Wednesday, May 23, 2012


Day 215
My baking business (or what my husband refers to as “my hobby that’s gotten out-of-hand”) continues to grow.  This week, I began teaching cookie decorating classes to seniors through an agency called Creative Aging. 

To prepare for the class, I bake several dozen spring-themed cookies.  I stack the still warm from the oven flowers, beehives and butterflies into plastic containers and hit the road.  I’ve got a half-hour’s drive and don’t want to be late. 

A grandmother answering phones at the center’s front desk directs me to a large, open room with 6-foot folding tables.  I place a dozen paper plates around the table and top each with six cookies.  I line the colored icings down the center of the table and space glass ramekins of toothpicks around the table within easy reach. 

“I want to share a few easy tricks,” I start.  Seven heads nod in agreement.    

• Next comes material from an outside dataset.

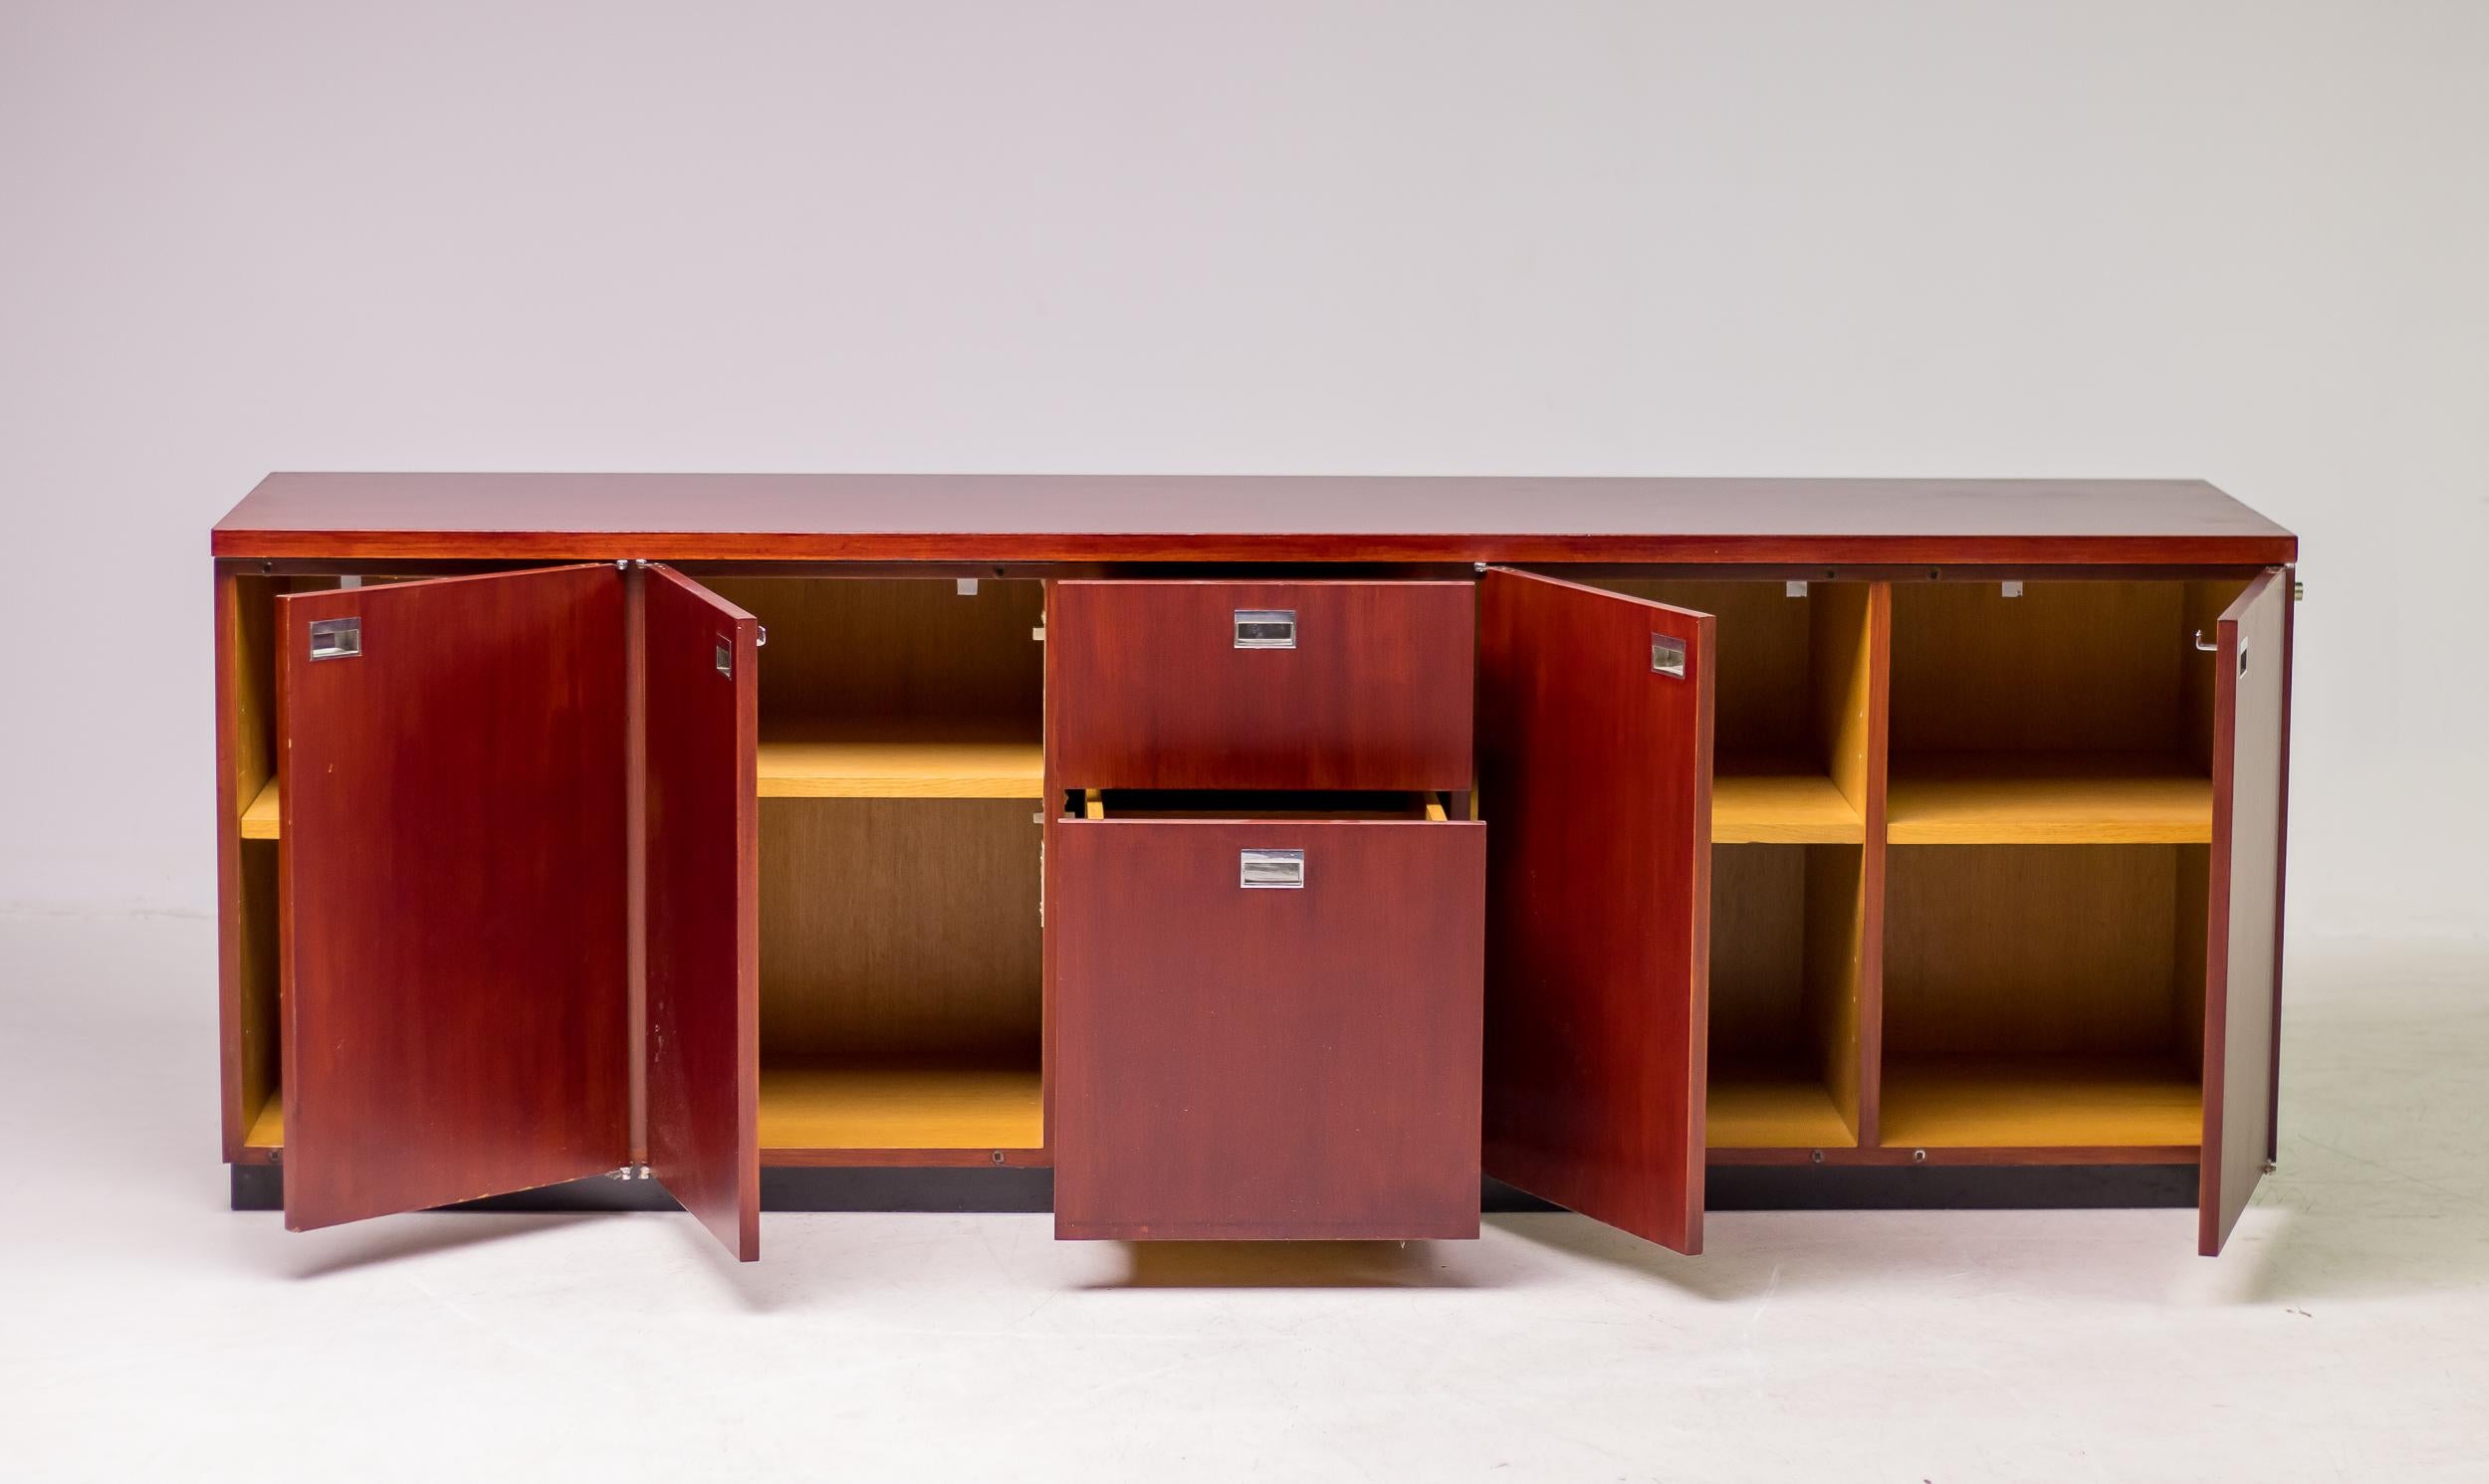 Mahogany credenza with chrome recessed pulls, designed by Gordon Bunschaft and manufactured by De Coene for the Belgium Lambert Bank, circa 1960. The credenza features seven drawers with a lock on the side. The piece is finished on all sides so it

“Don’t let Martha Stewert fool you,” I continue.  “You don’t need fancy smancy supplies to make gorgeous cookies.  I use clean ketchup bottles bought at the dollar store and toothpicks.  High tech, right?” 

They titter and nod.    

“What if we make a mistake?” one lady asks. 

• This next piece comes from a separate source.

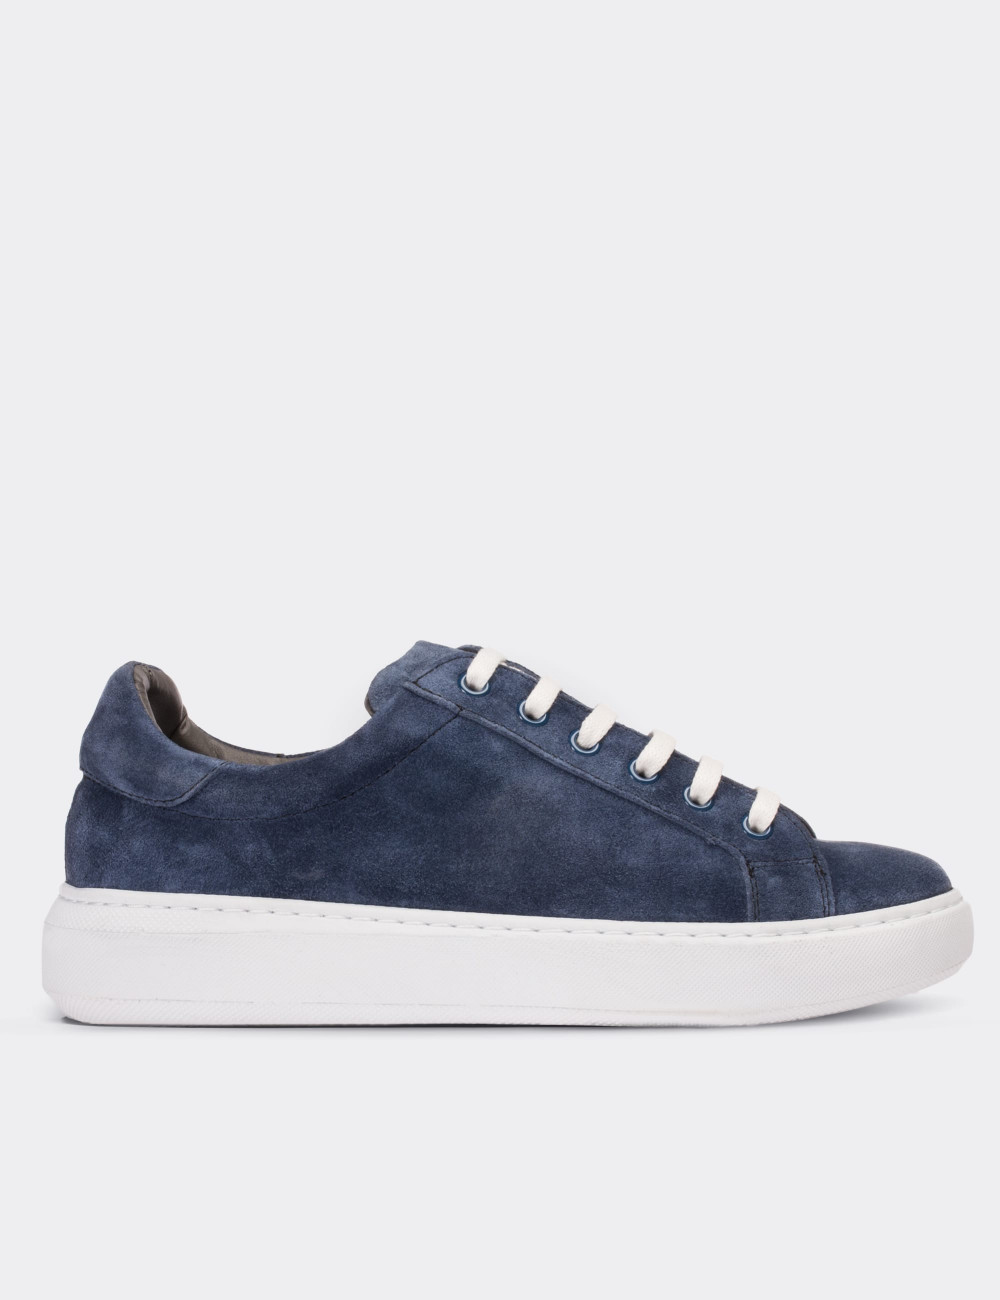 Navy Suede Leather Sneakers - 01698ZLCVP01

“We eat all mistakes and destroy all evidence,” I immediately answer. 

“I like that,” one laughs.  To prove she’s on board, another sneaks a taste of icing that’s dropped on her paper plate. 

The ladies and I talk and decorate cookies for over an hour.  Each time I demonstrate a technique I place the cookie on a platter in the center of the table.  Several of the ladies share with me that they’ll be traveling to New York City on a tour the following week. 

“We’re going to see TWO Broadway shows!” one says.  The class shifts from cookie decorating to a lovely hour with friends.  The ladies laugh and nibble and laugh some more.  They invite me back to teach them cupcake decorating with their grandchildren.      

“I liked that,” says a woman to me as I pack up my supplies to leave.  “But my eyes aren’t what they used to be.”  I nod.  “But I am 96,” she says in a conspiratorial whisper. 

“96!” I yelp before she shushes me.  Can you imagine?  I hope I still have teeth to eat cookies at 96 let alone decorate them.

I grab the platter of cookie from the center of the table.  When the 96-year-old and I walk towards the front door, I gently place them on the desk of the grandmother who showed me to the room earlier.   

The two of us walk out together.  “Have a great time in New York!” I say.  I turn left and she walks right before getting into her car and driving away.  Yes, she drives, too.